Hello! A few months ago I blogged about my up and coming visit to Australia and I promised to let you know if I made it to the top of the Sydney Harbour bridge – I am not sure where the time as flown to since then but I thought it was about time I let you know how the trip went.
One of the reasons I headed down under was to give 12 seminars; 4 each in Melbourne, Sydney and Brisbane – the team at ATA Scientific did a great job in organising all of those!
The other reason for the trip was to provide training in Morphologically Directed Raman Spectroscopy (MDRS) to the new owners of a Morphologi G3-ID at Southern Cross University. In the picture to the left you can see Andrew Rose and Nadia Toppler from Southern Cross University and me gathered round the instrument. Andrew is Associate Professor in the GeoScience department, while Nadia is Technical Officer for the Environmental Analysis Lab.
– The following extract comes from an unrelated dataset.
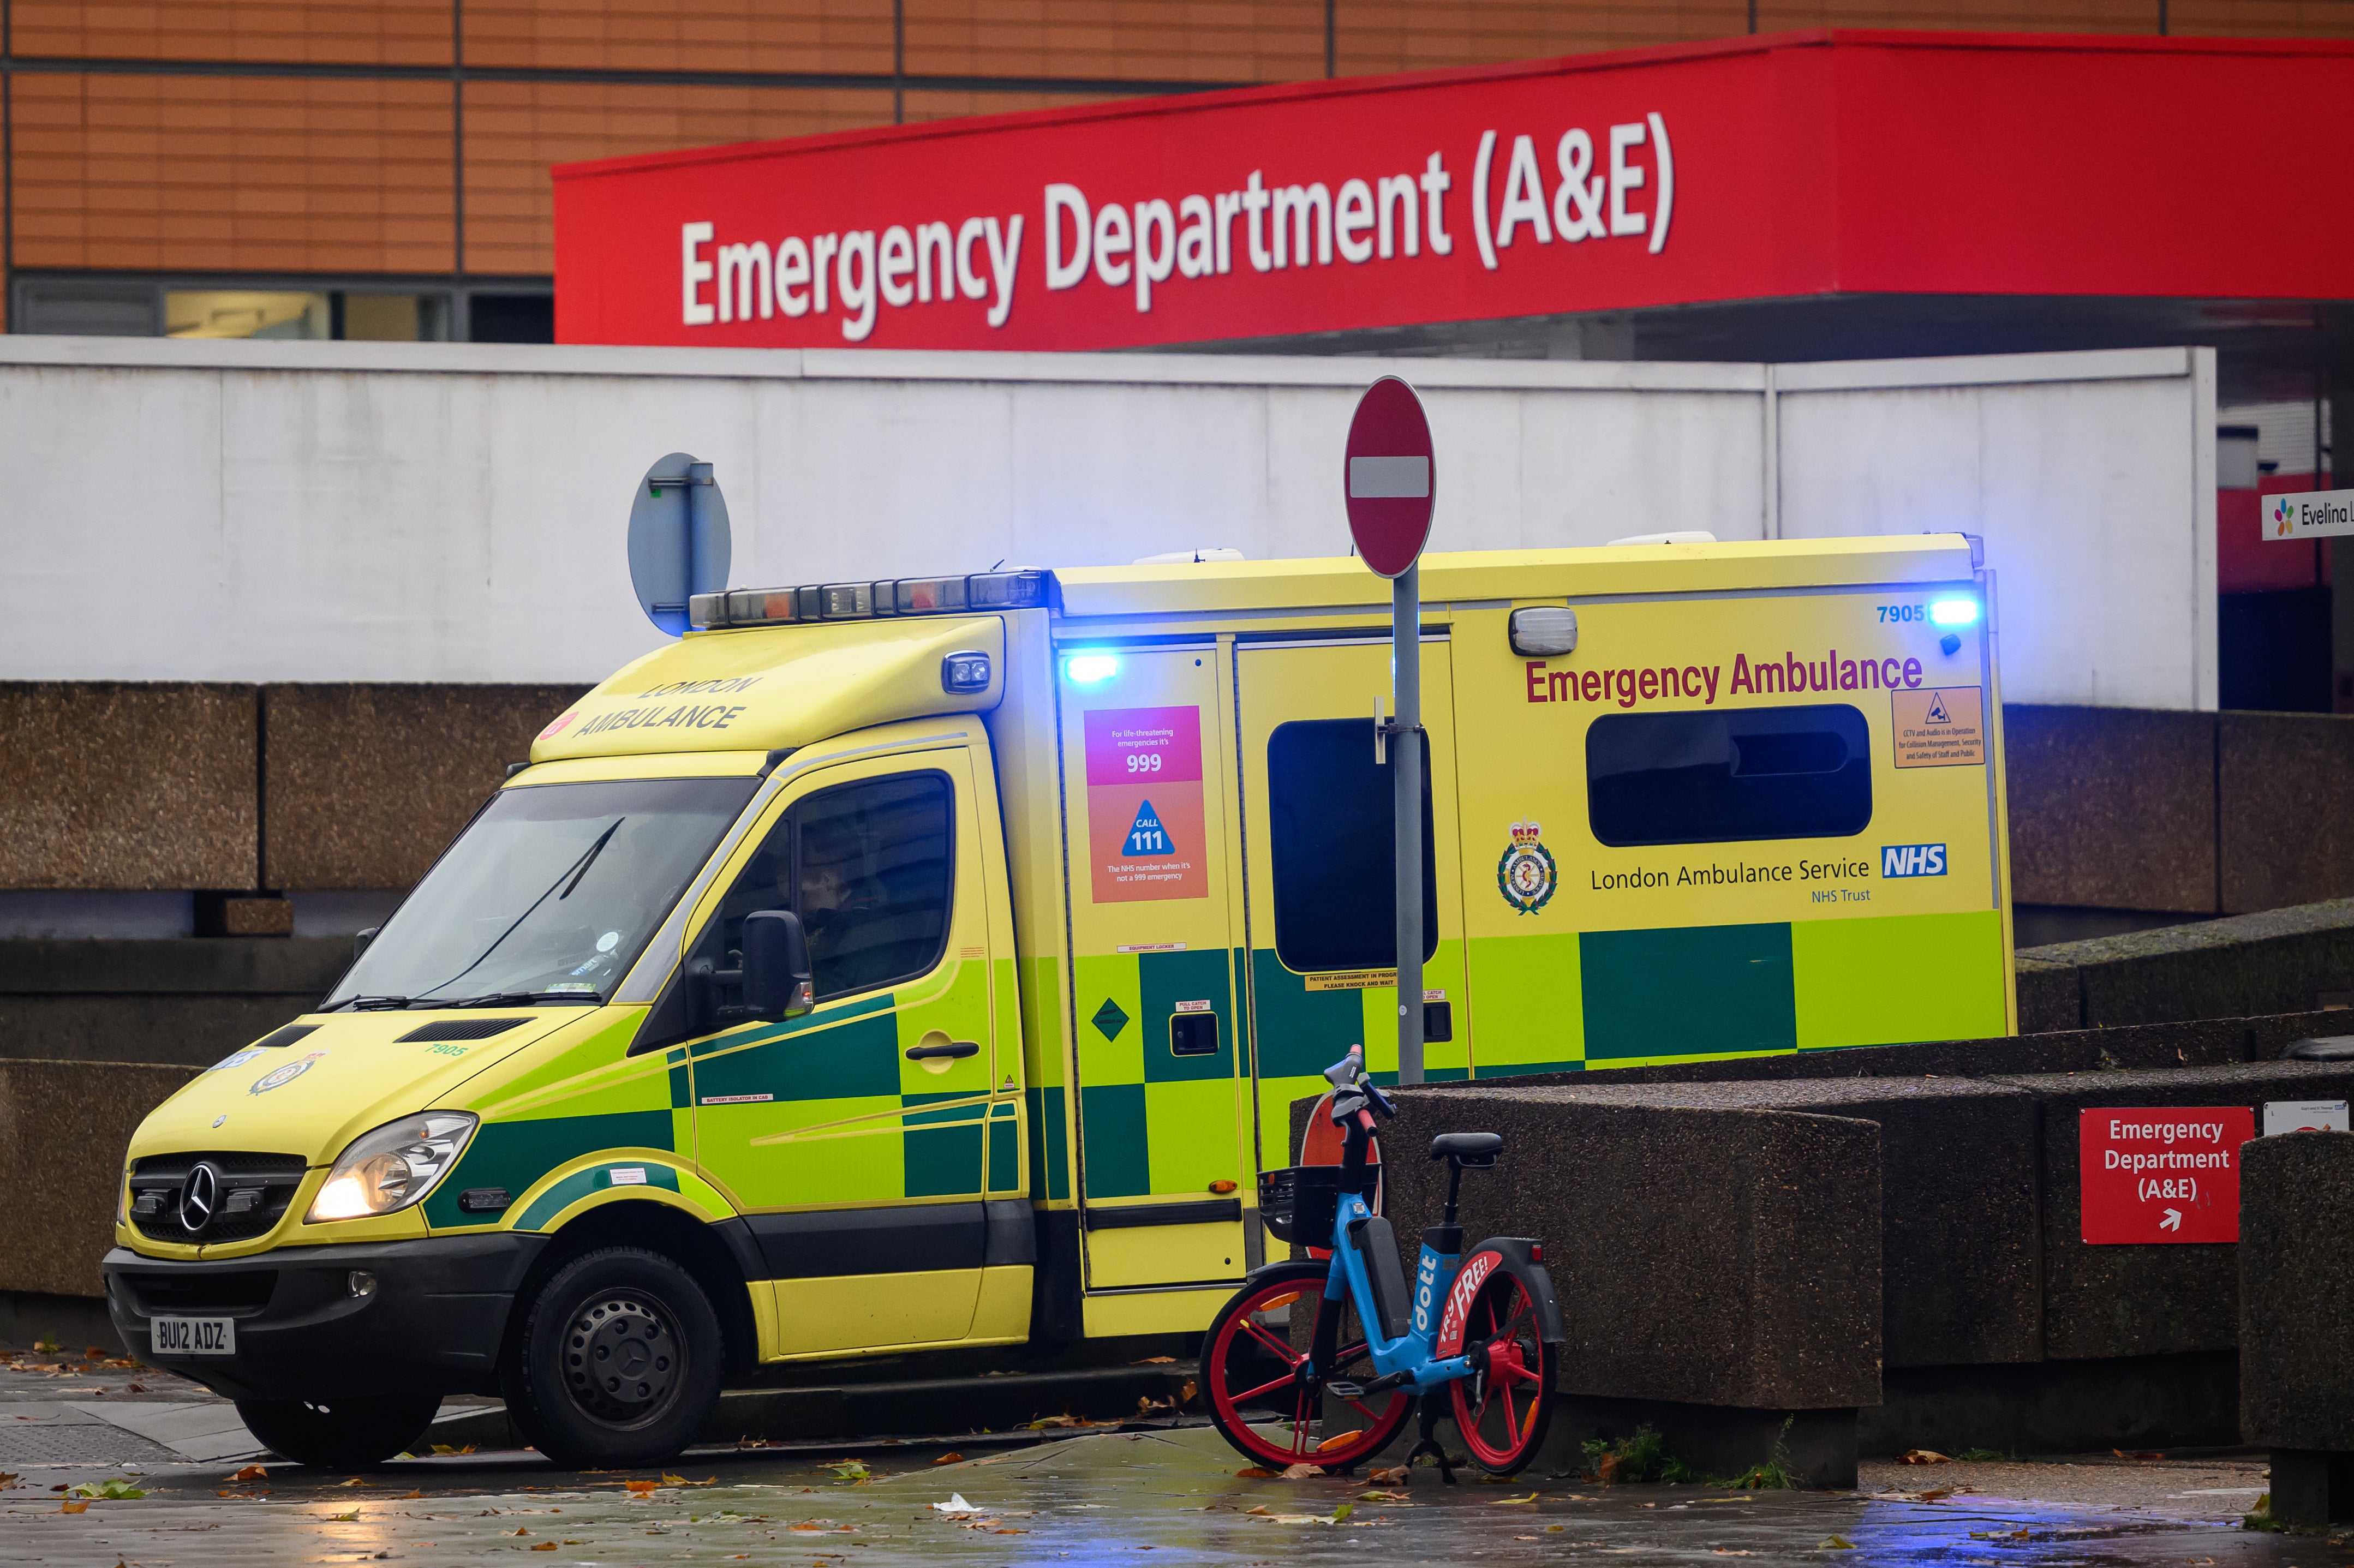 ‘A&E was another world/ Where time stood still beneath the clock’

The first application we looked at was to find out whether a powder sample of Calcium carbonate was composed of a single form or mix of more than one form. Well from the Raman spectra below you can see from the different peaks that we clearly found two different forms were present.
Next we looked at a sample that was actually destined for X-Ray Diffraction analysis. We wanted to know if it contained any calcium carbonate. It was dispersed dry, using the integrated sample dispersion unit and analysed by MDRS where spectra we had generated from the previous analysis were used for the reference library. Well it became clear very quickly that the sample most definitely contained rather a lot of calcium carbonate, and in addition we were easily able to generate the particle size and shape distributions of the calcium carbonate particles that were present.
Finally we were asked if the system could help automate a microscope based analysis counting and characterising Trichodesmium, a globally significant, filamentous cyanobacterium (blue-green alga) that inhabits warm waters in the tropical oceans. Researching the growth and morphology of this organism in laboratory cultures is helping understand how it acquires and uses essential nutrients in its natural environment. Current manual analysis is tedious, error-prone, time consuming and statistically unreliable. A full experiment to characterise 18 cultures takes up to 2 weeks.
We successfully managed to perform the analysis on the Morphologi G3-ID presenting the sample in the wet cell accessory. The Morphologi offered several major advantages:
- Minimal sample preparation avoiding the need to filter the cultures onto membranes
- automated analysis – time normally spent looking down a microscope and processing images can be used for other things
- statistically meaningful measurements of filament length and width
- time of analysis of around 30 minutes so all 18 cultures can be analysed in a single day, permitting much more frequent monitoring of changes in the organism during the course of experiments.
Below is an image of a Trichodesmium filament. More details on the application can be found in this app note.
You can read here about how the Morphologi G3-ID has benefited the School of Science, Environment and Engineering at Southern Cross University since our training session in May. Andrew Rose said of the instrument, “The automated microscopy and image analysis functions are especially popular and have saved countless hours compared with using manual microscopy techniques.” Another bit of good news is that the Environmental Analysis Laboratory at Southern Cross University are planning to offer contract testing on the Morphologi G3-ID (as well as Zetasizer and Mastersizer) and would be delighted to work with you if you are required automated imaging or MDRS analysis.
I really enjoyed this trip, helped by the fact I was out of the UK for the very, very wet May back holiday and instead I was able to enjoy the start of the Australian winter, all 25 °C of it. For once on this trip I was also able to see some of the surroundings. At home I play netball but I was amazed to see the sport has such a strong showing in Sydney – 69 courts in one location all in action at the time. No wonder Australia won the common wealth games. The beaches were fabulous, buildings such the Sydney Opera House look so different up close and the view from the top of the Sydney Harbour Bridge was amazing.